WORK ITEM => Please return the lines from the one with "Toy Truck With" through the end of the listing below, word for word, with every picture left out.

INFORMATION PROVIDED =>
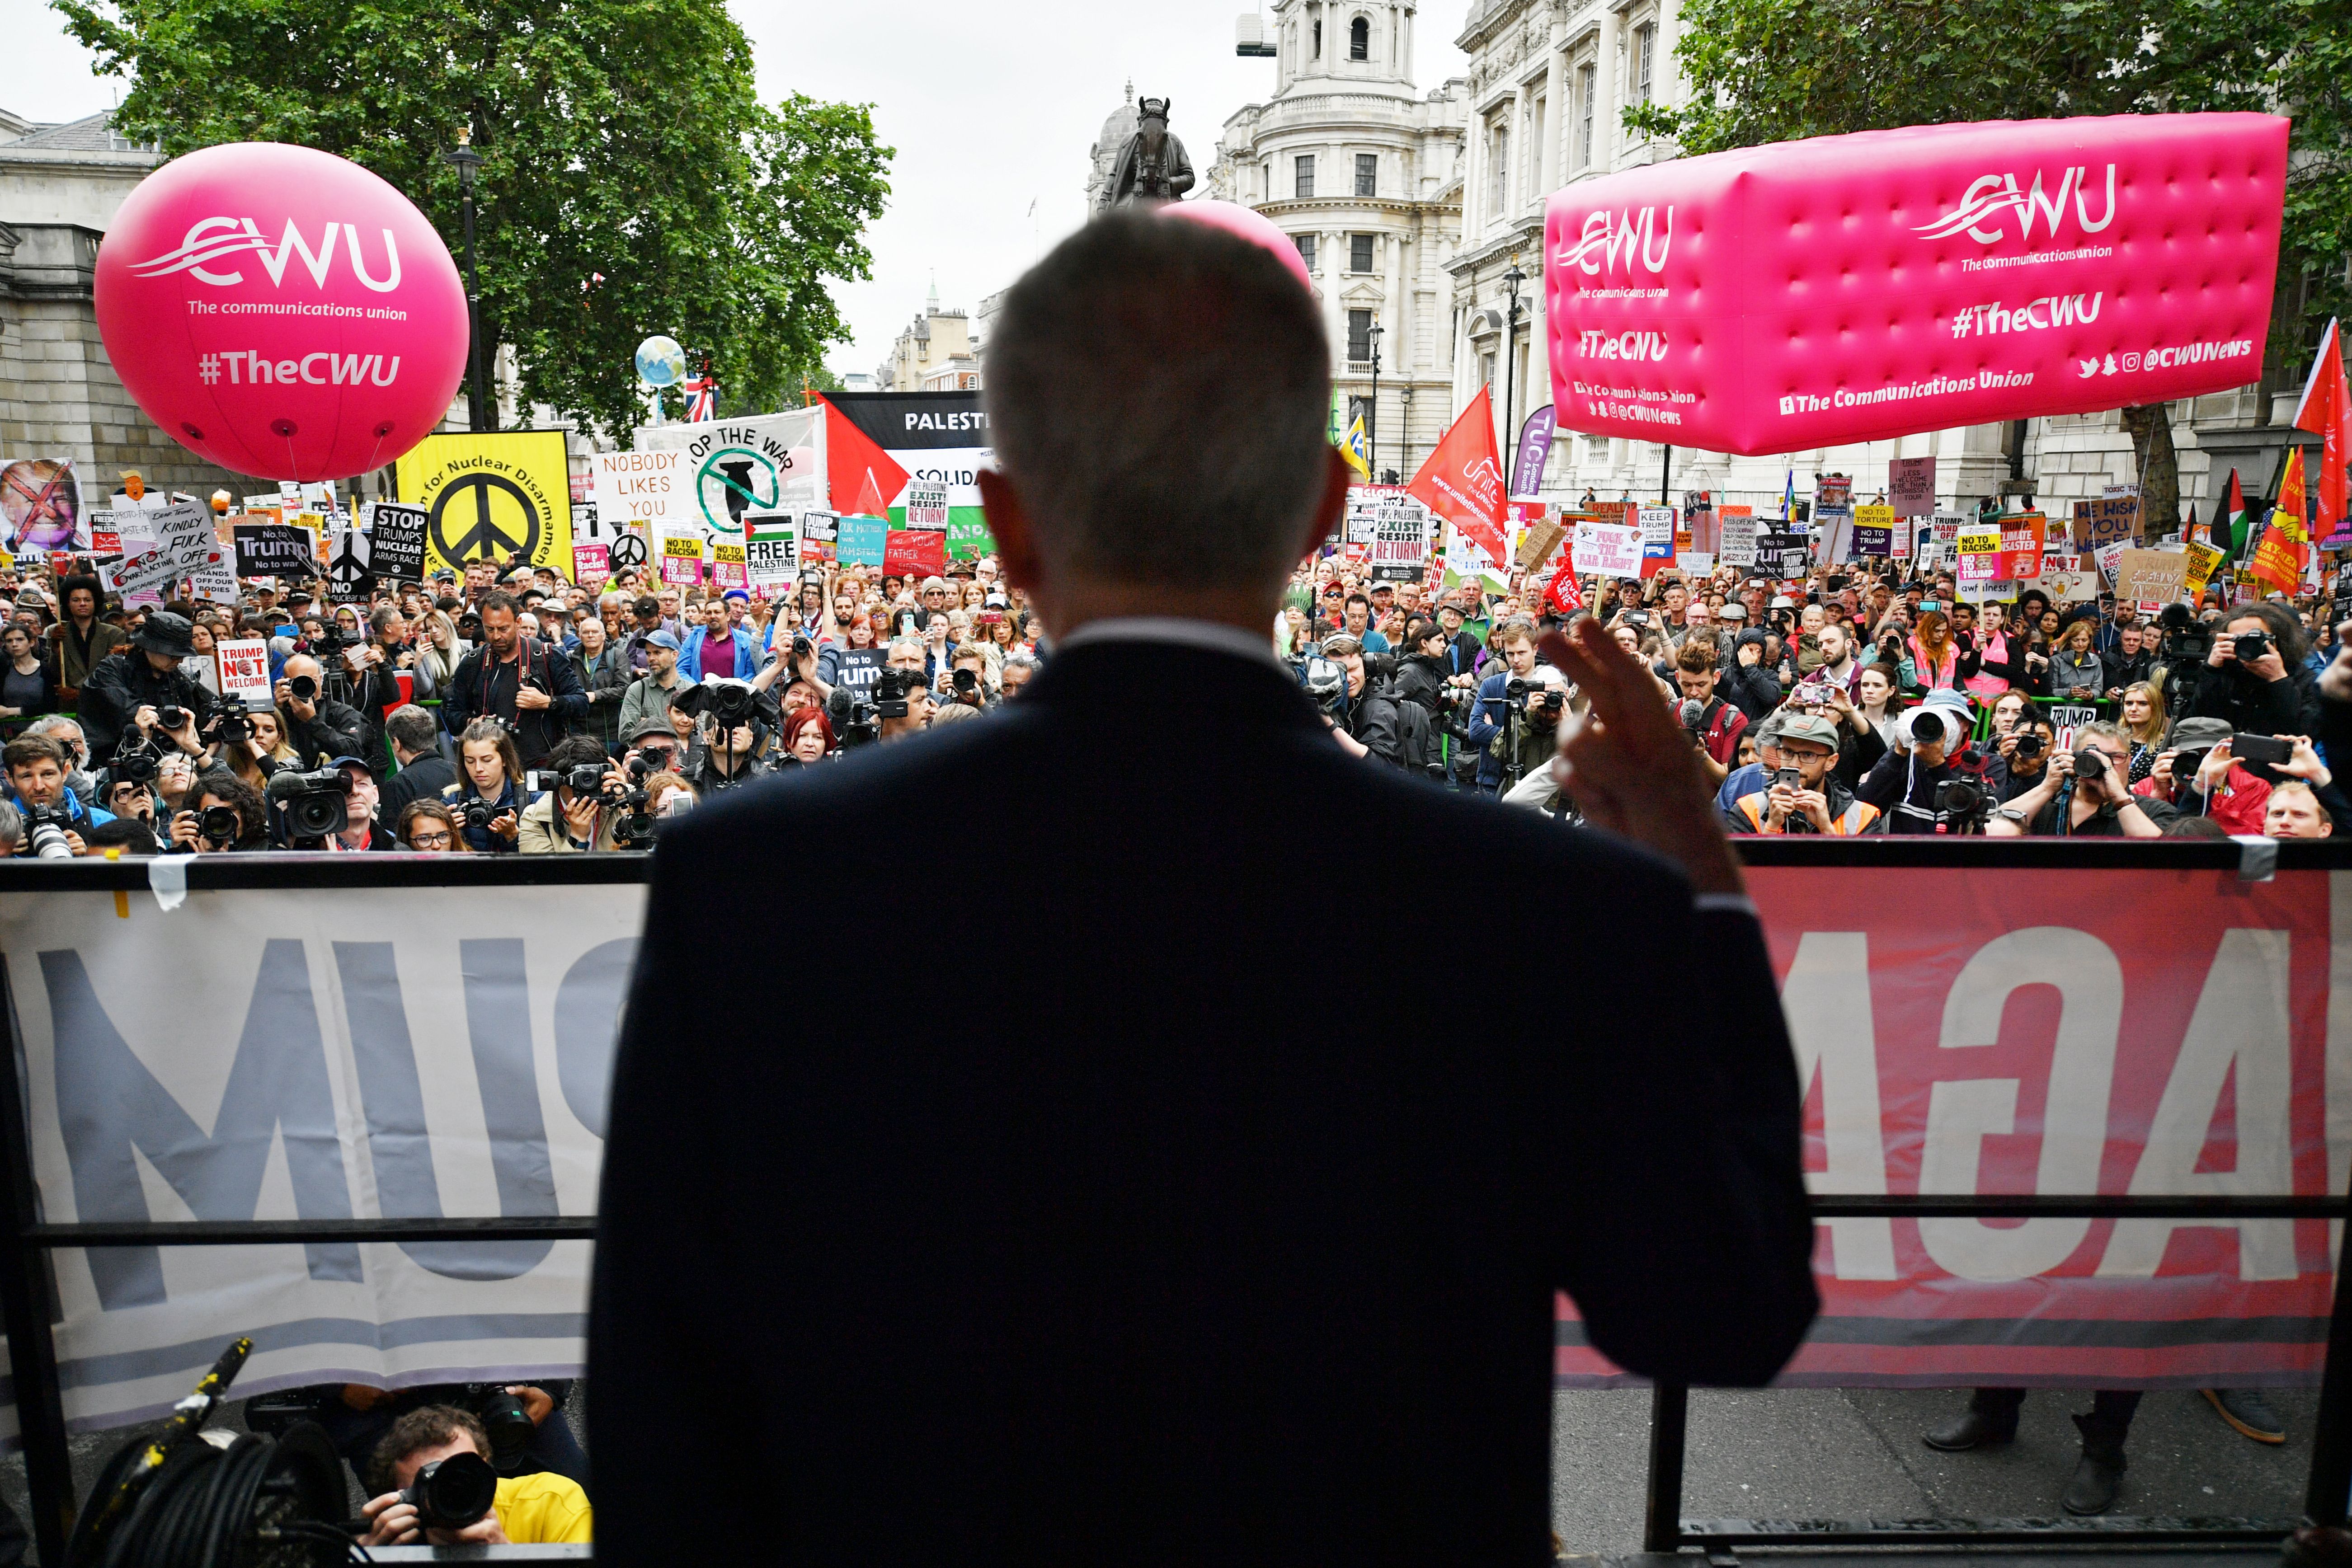 Labour party leader Jeremy Corbyn speaking on stage at an anti-Trump protest in Whitehall, London, on the second day of the state visit to the UK by US President Donald Trump. 
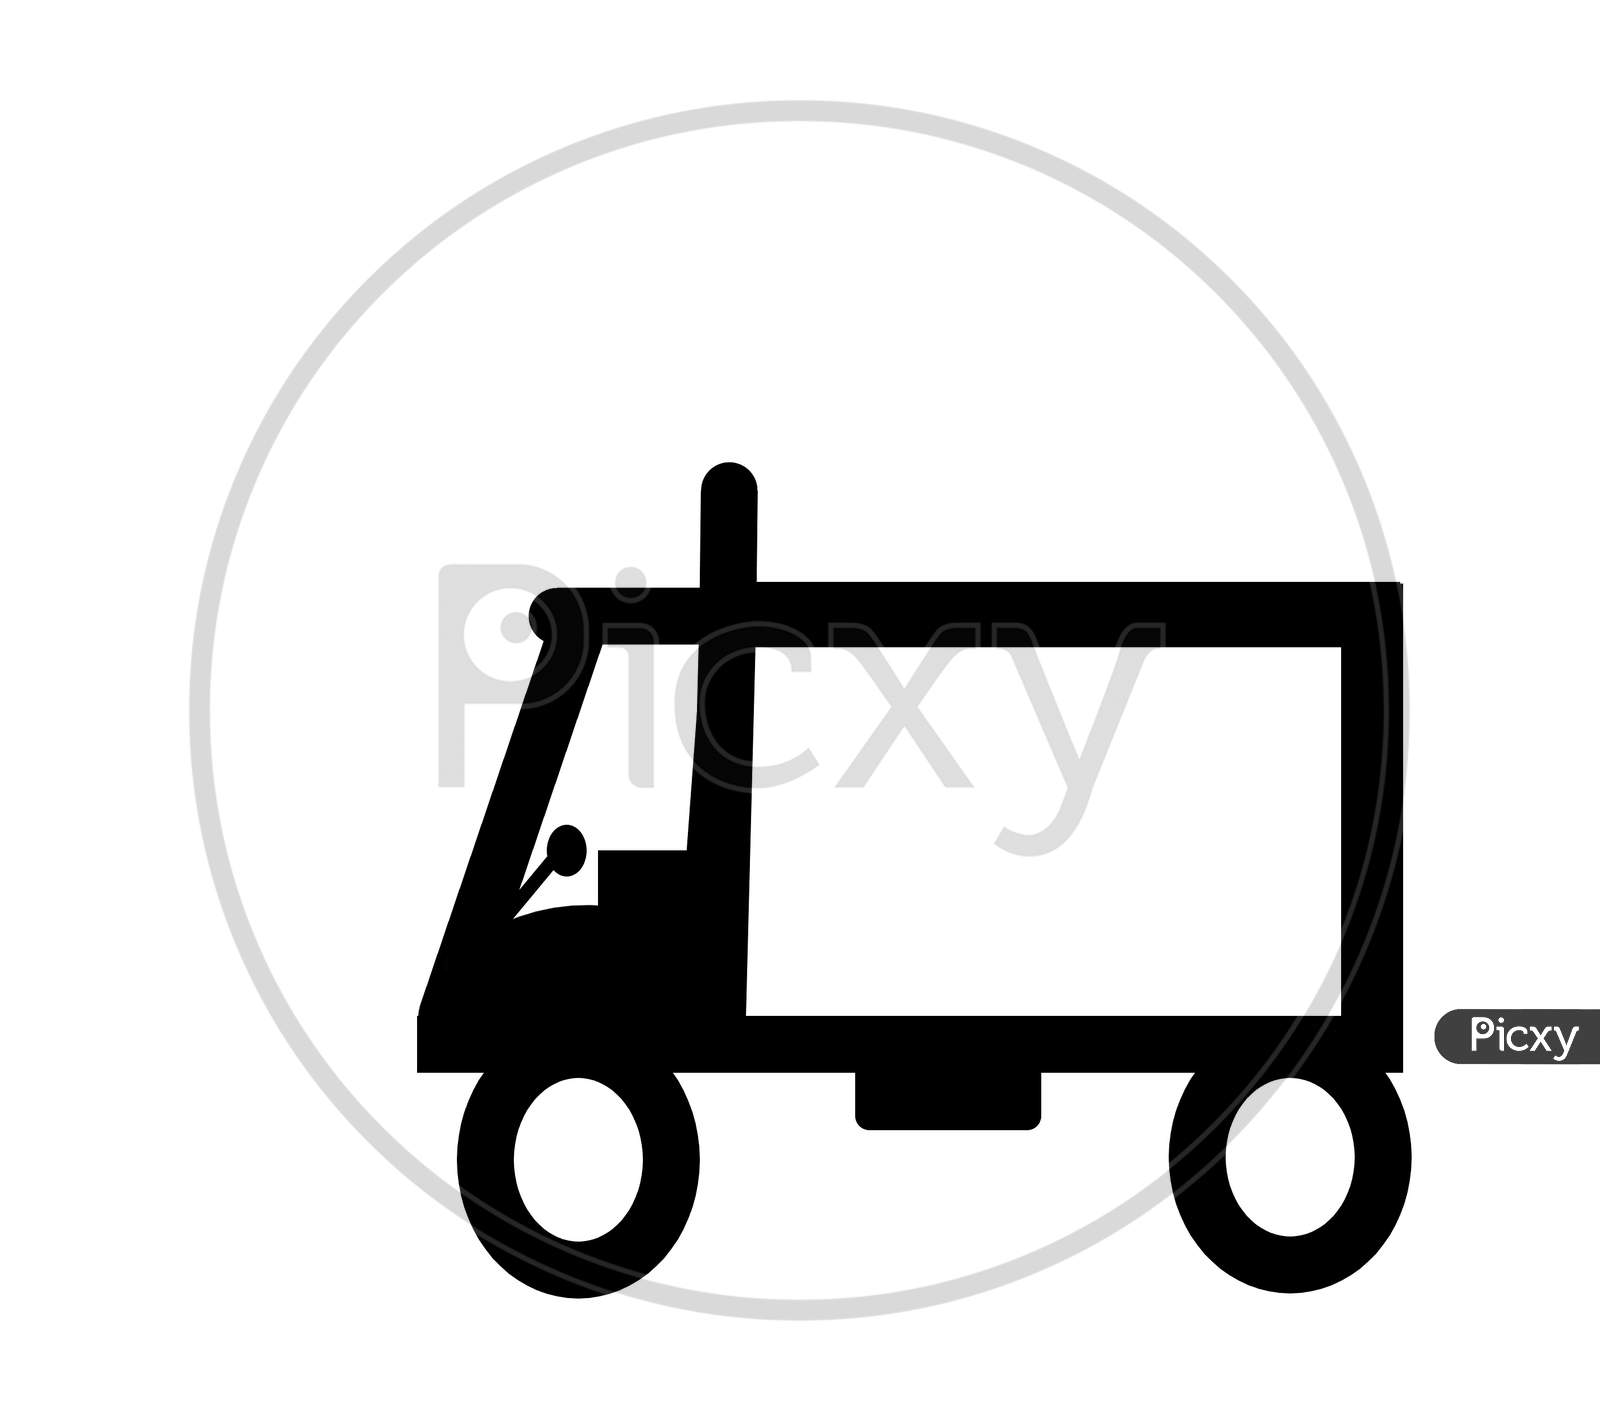 Toy Truck With White Background. Computer Design Small Truck Illustration.
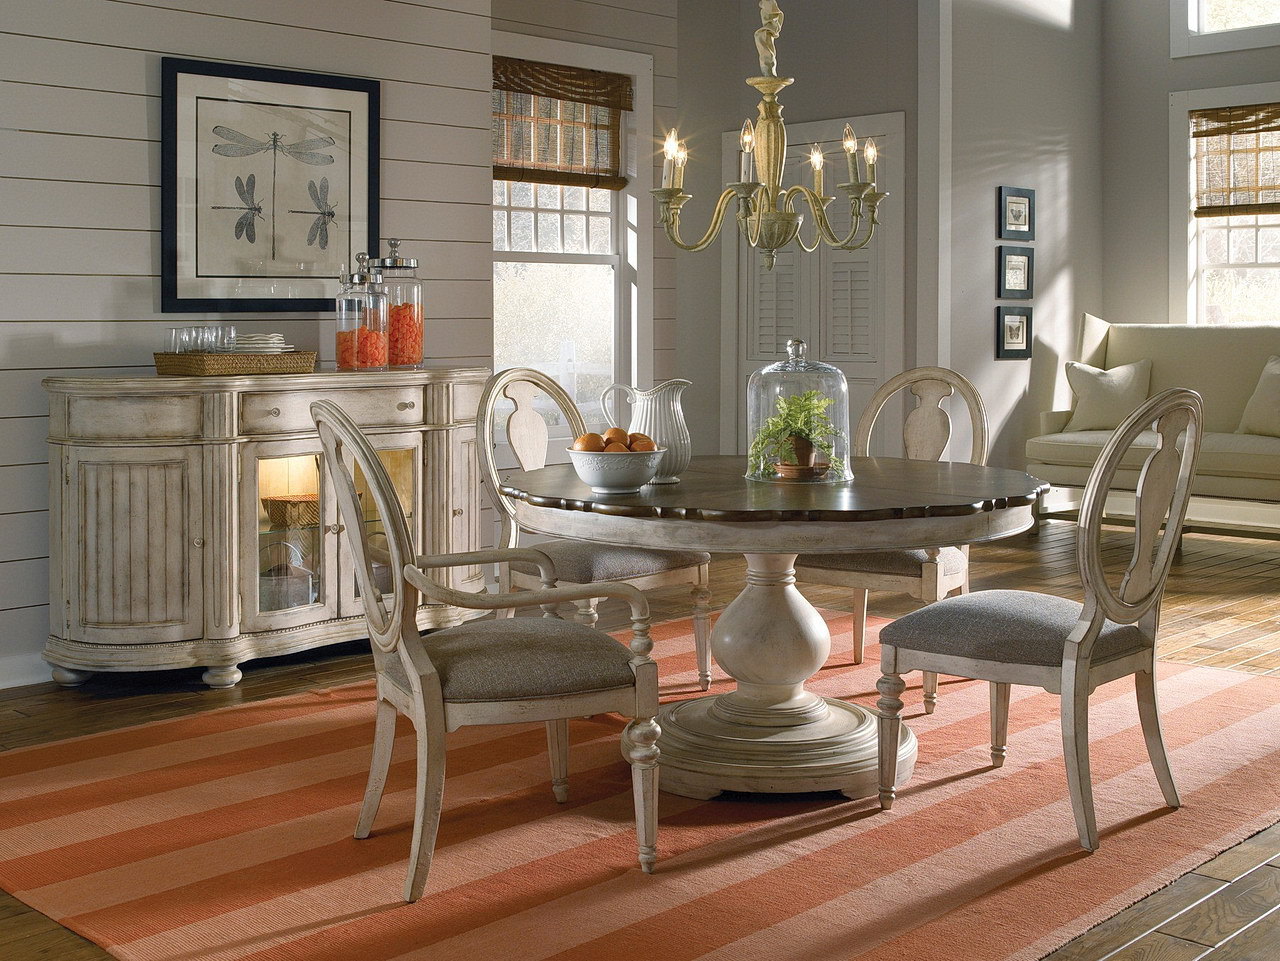 personal dining room ideas
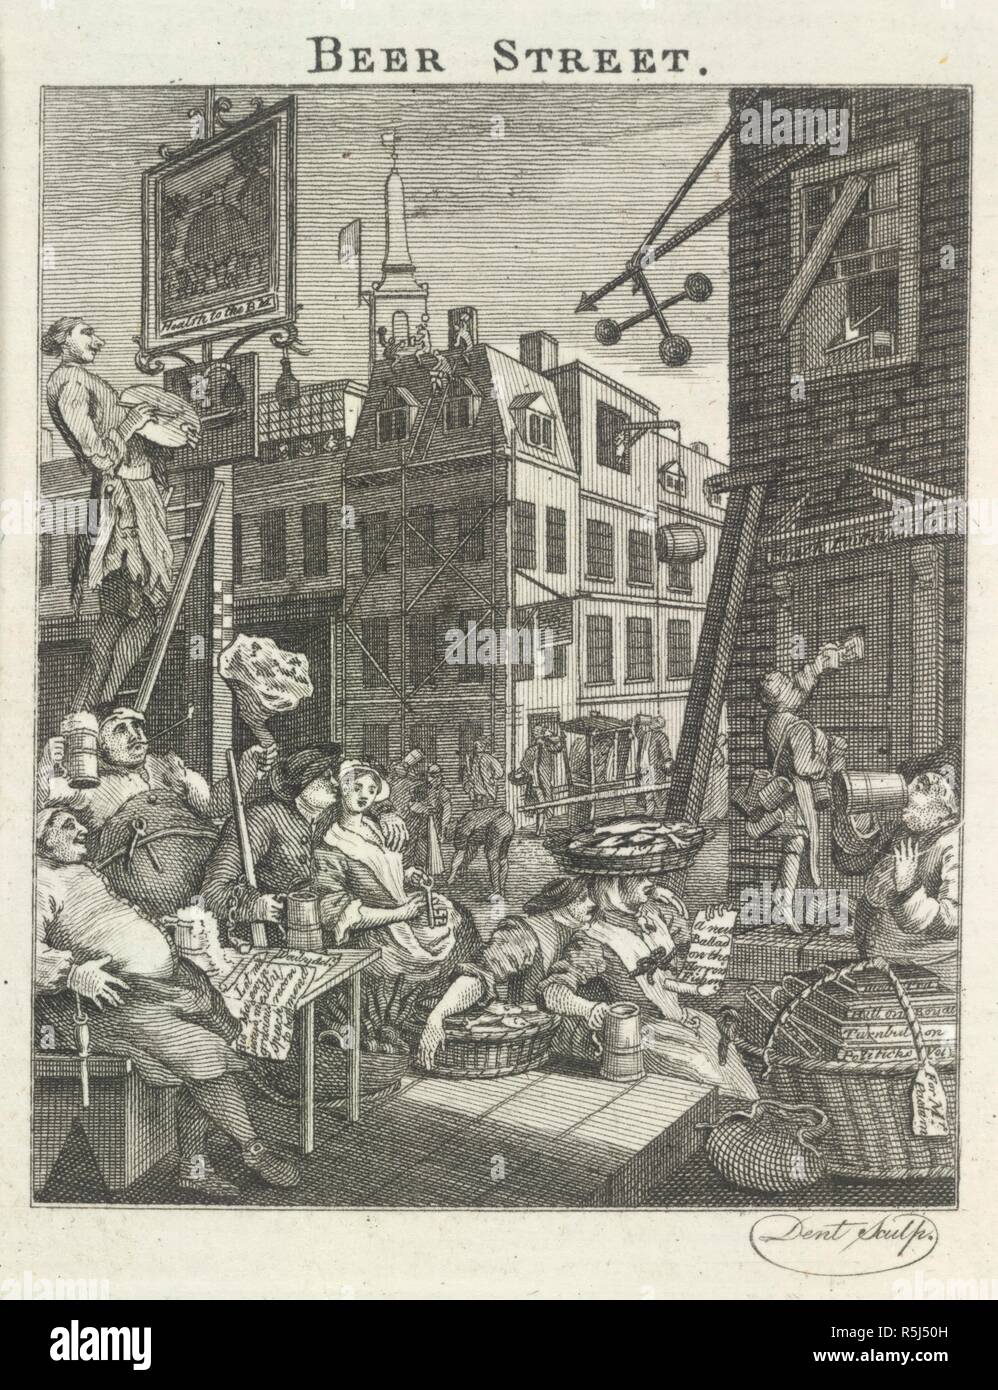 Beer Street. Hogarth Moralized. Being a complete edition of Hog. S. Hooper; Mrs. Hogarth: London, 1768. People drinking outside a public house in London.  Image taken from Hogarth Moralized. Being a complete edition of Hogarth's works containing near fourscore copper-plates with an explanation and a comment on their moral tendency [by John Trusler], etc.  Originally published/produced in S. Hooper; Mrs. Hogarth: London, 1768. . Source: G.2585, 146. Language: English. Author: HOGARTH, WILLIAM. DENT. Stock Photo

OUTPUT =>
 Toy Truck With White Background. Computer Design Small Truck Illustration.
 personal dining room ideas
 Beer Street. Hogarth Moralized. Being a complete edition of Hog. S. Hooper; Mrs. Hogarth: London, 1768. People drinking outside a public house in London.  Image taken from Hogarth Moralized. Being a complete edition of Hogarth's works containing near fourscore copper-plates with an explanation and a comment on their moral tendency [by John Trusler], etc.  Originally published/produced in S. Hooper; Mrs. Hogarth: London, 1768. . Source: G.2585, 146. Language: English. Author: HOGARTH, WILLIAM. DENT. Stock Photo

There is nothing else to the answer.